To only crystallize the fiber tip, the fiber was placed perpendicularly with respect to the heat source of the hot plate and the laser beam during the annealing processes. The electrical and photoresponse characteristics were measured using a Keithley 6517B under dark and illuminated conditions. A SuperK Extreme from NKT Photonics with tunable wavelength between 410 and 830 nm was used as light source. The optical laser power was adjusted using an afocal lens system and was measured using a laser power meter (Thorlabs PM 100D). The laser beam used to characterize the optoelectronic properties of the devices was incoming perpendicularly to the fiber cross-section (hence parallel to the fiber axis). The beam size was set to be the same as the size of the larger side of the rectangular Se domain in the fiber cross-section. All measurements were performed in air and at room temperature.

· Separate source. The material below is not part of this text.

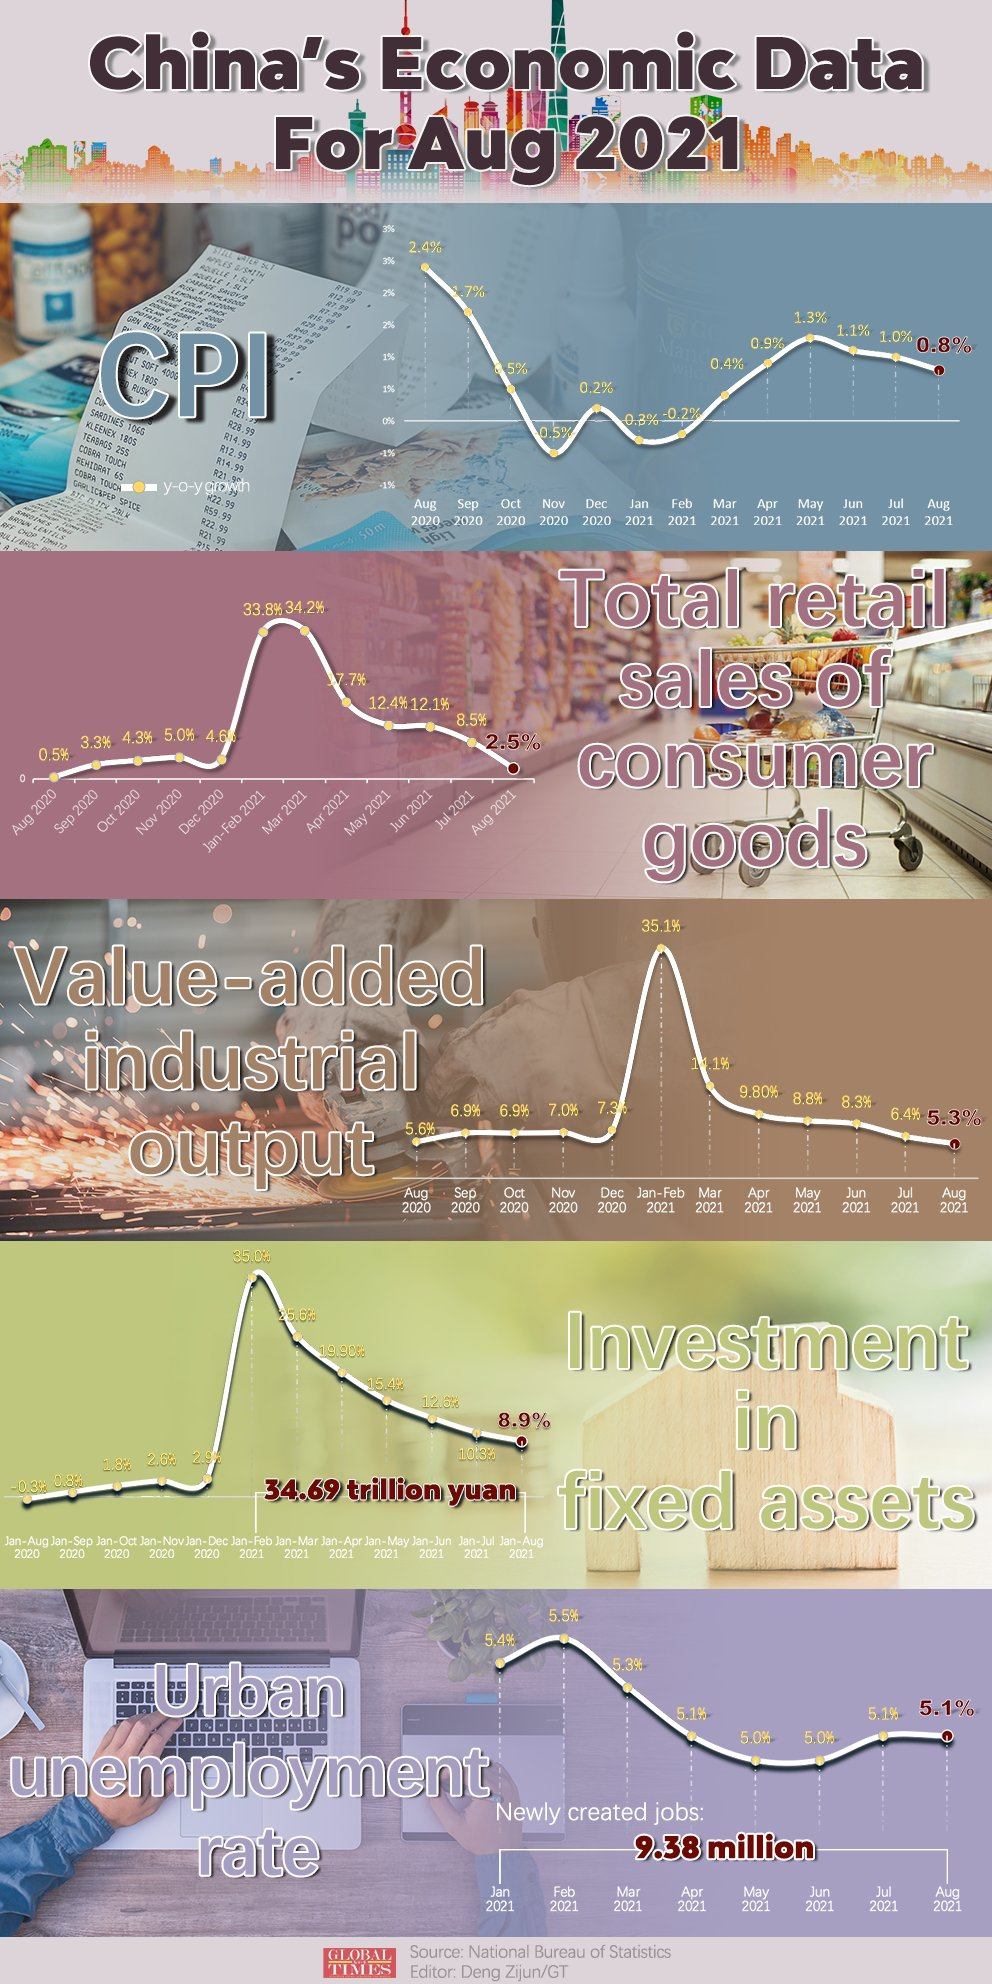 China's economic data for Aug 2021 Infographic: Deng Zijun/GT

3. Results and discussions

A schematic of the preform to fiber architecture of the structure described in the experimental section is shown in Fig. 1(a). The Se core is in intimate contact with the CPC nanocomposite electrodes. The Sn₉₁Zn₉ eutectic alloy in contact with CPC ensures a good axial conductivity and a straightforward electrical contact to external circuits. The transparent PSU cladding ensures a good encapsulation and mechanical support of the whole assembly. Figure 1(b) illustrates the scalability of the process where hundreds of meters of flexible and functional light weight fibers are produced in a single draw. The optical photograph of the fiber cross-section shows that the rectangular Se domain is sandwiched between CPC electrodes, with shape and aspect ratio unchanged from those of the preform (Fig. 1(c)). The DSC and the diffuse ring diffraction pattern of the selected-area electron diffraction (SAED) from TEM characterization on the Se harvested from the as-drawn fiber indicate that Se is amorphous after drawing (Fig. 1(d)). The crystallization temperature is higher than that in the literature [31], which may be due to stress-induced enhancement of the thermal stability of amorphous Se [32].

 

Fig. 1 (a) Schematic of the fiber drawing process; (b) Photograph of the preform and of drawn fibers of tens of meters showing their robustness and flexibility; (c) Optical photograph of the cross-section of the as-drawn fiber; (d) DSC (heating rate of 10 K/min) curve and SAED of the as-drawn Se. The heat absorbed during the melting is nearly identical with the heat released during the crystallization .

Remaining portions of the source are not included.